LCG SPECIAL JOINT COUNCIL MEETING FROM CHRIS.jpg
Posted at 7:13 PM, Jan 21, 2020
and last updated 2020-01-21 23:59:07-05

Tonight, the Lafayette City and Parish councils unanimously voted to split public works.

The department will be broken up into three departments: public works, drainage and traffic, roads and bridges.

The next step is in the coming days for Mayor-President Josh Guillory to sign the ordinance into effect. This is his first ordinance as Mayor-President and although he had unanimous support, that didn't come without some compromise.

Guillory is hopeful that breaking up public works will increase accountability and improve workflow.

"It's a win for the people of Lafayette," Guillory said. "This is an area where we shrink public works and when you shrink the size of any entity in government, you have more accountability."

This is the first phase of Guillory's plan.

"Step two is getting it more organized. Step three is us working together to see how we can get more boots on the ground," the Mayor-President said.

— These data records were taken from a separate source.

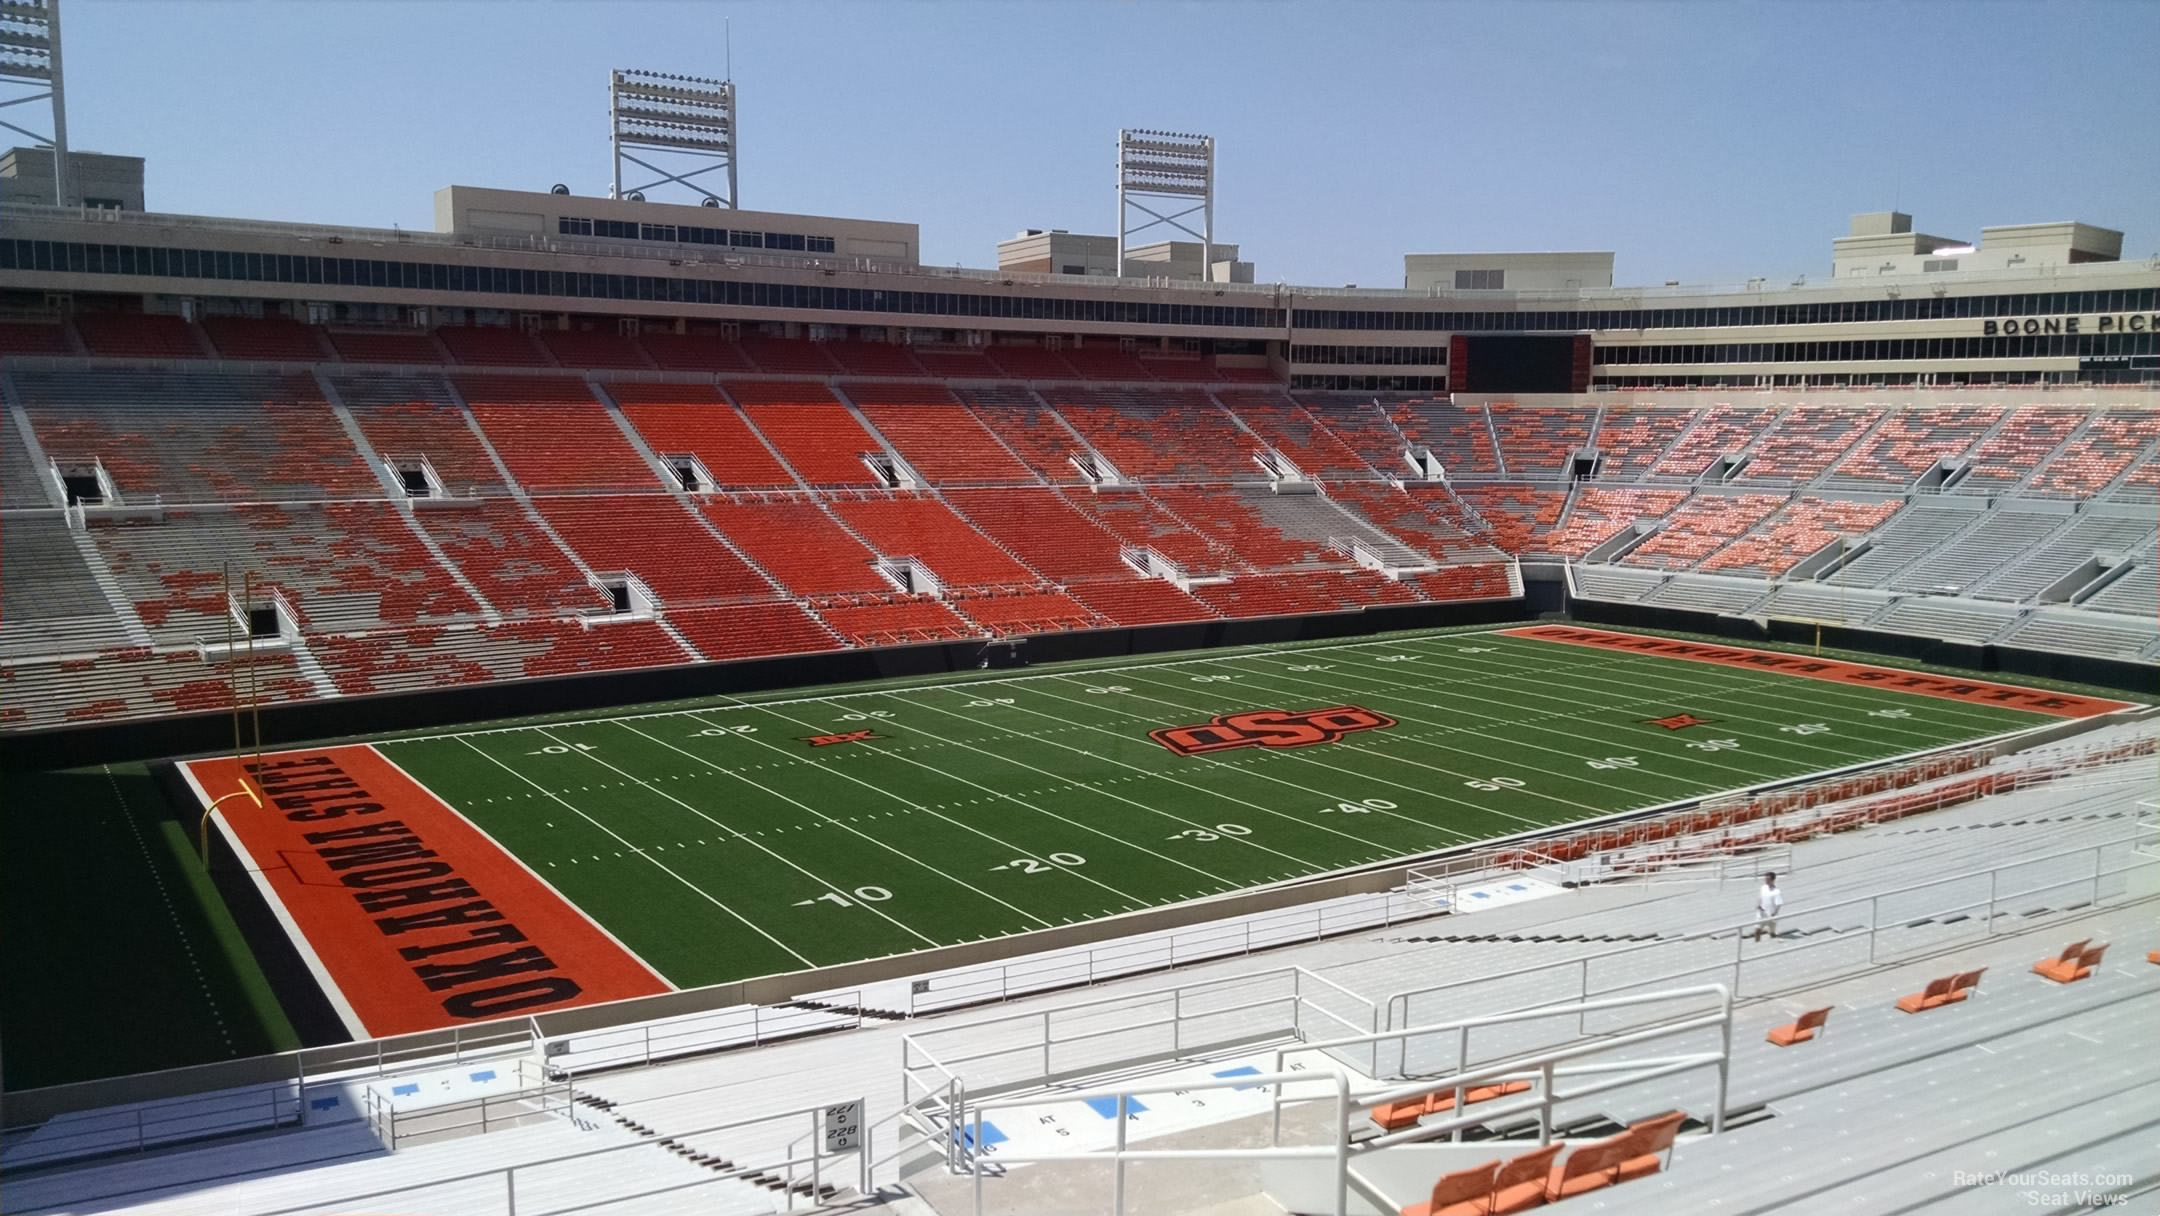 section 334, row 19 seat view  - boone pickens stadium
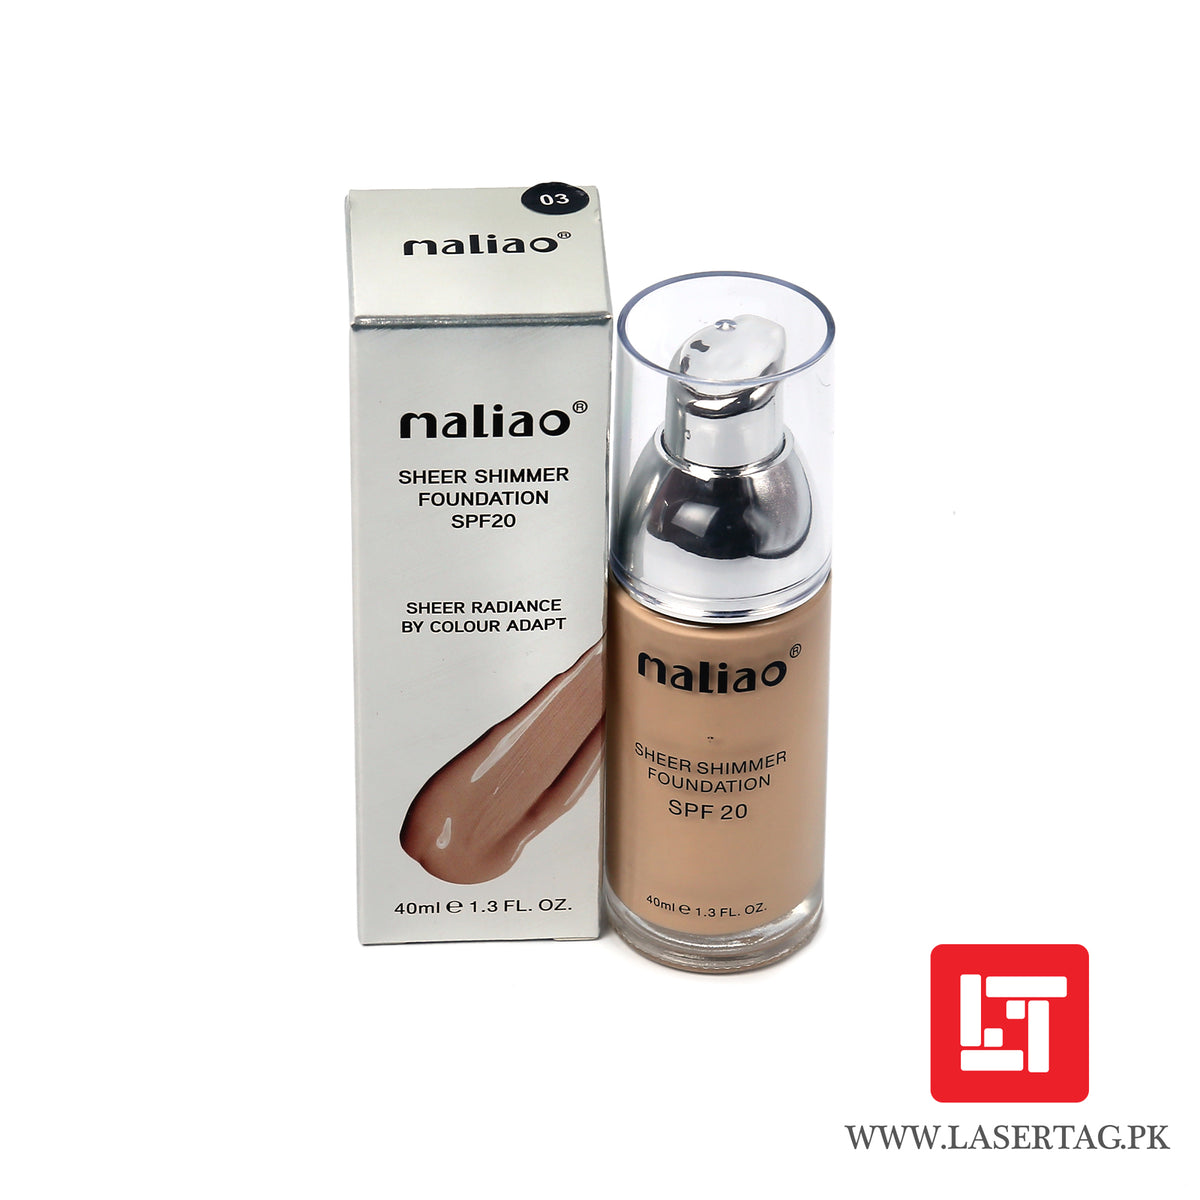 Maliao Sheer Shimmer Foundation 20 Sheer Radiance By Colour Adapt M28-03 40ml freeshipping - lasertag.pk
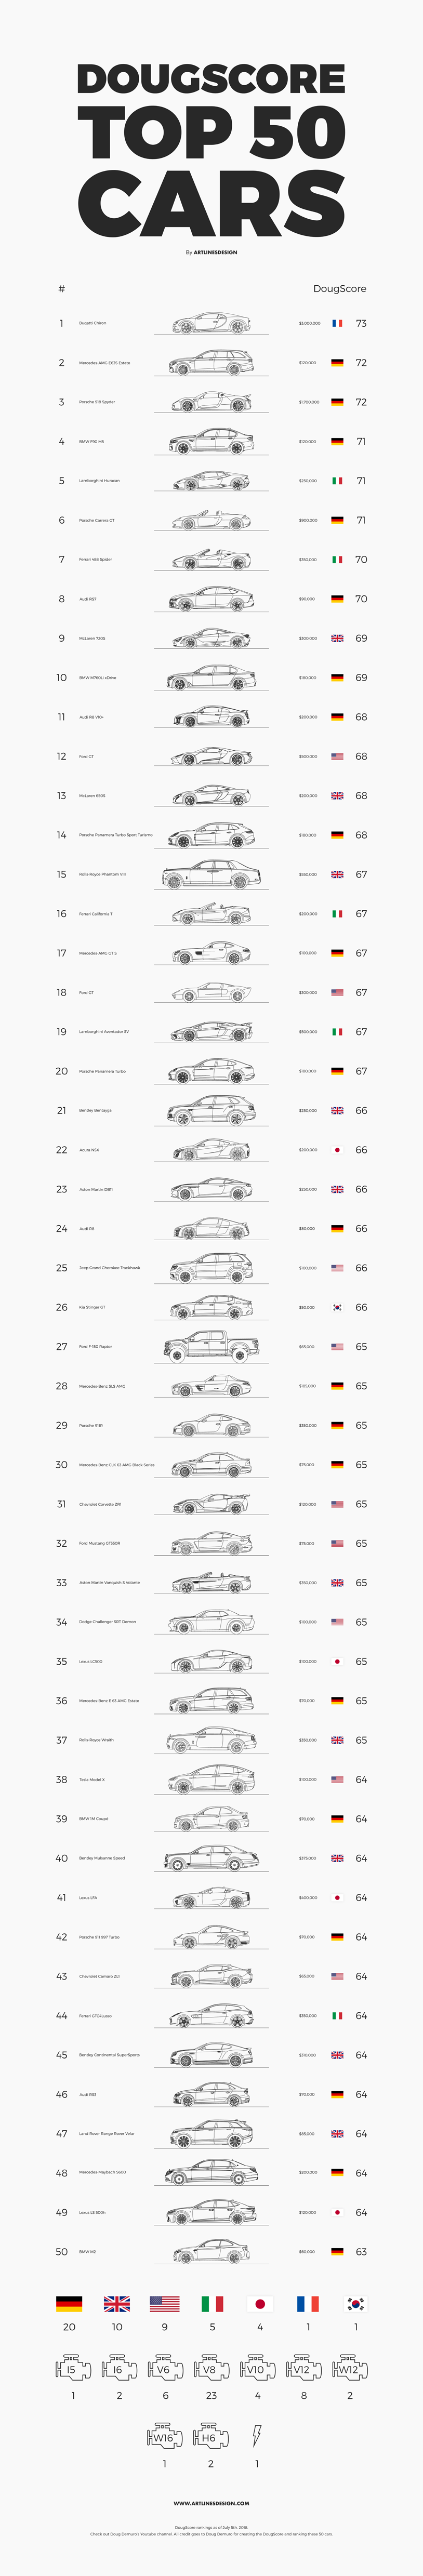 DougScore Top 50 Cars Infographic

Lafayette Parish Councilman Kevin Naquin said, "On the front end, I just don't want it to be perceived that we're going to vote on this and that this is all of a sudden magic and people's request for service is going to be done. This is a formality and trying to get there. We're moving in the right direction."

Originally, funding for the positions was slated to come from four vacant positions; including two environmental quality jobs. The councils amending the ordinance to keep the EQ jobs in place, but not fill them right now.

Guillory said, "I had some feedback from my colleagues on the council. I welcome that and going forward, this should serve as good will for our people showing that we are working together."

Public works currently has more than 300 employees and Guillory maintains that splitting the department will eventually cut costs and reduce response time.

Lafayette City Council Member Liz Webb Hebert said, "I'm optimistic that this will work. I hope that the directors that you hire will not just be status quo and sit idle. I hope that they have goals and efficiency standards that they're required to meet."

Once the ordinance is signed into effect, Guillory will announce the interim directors of the two new departments.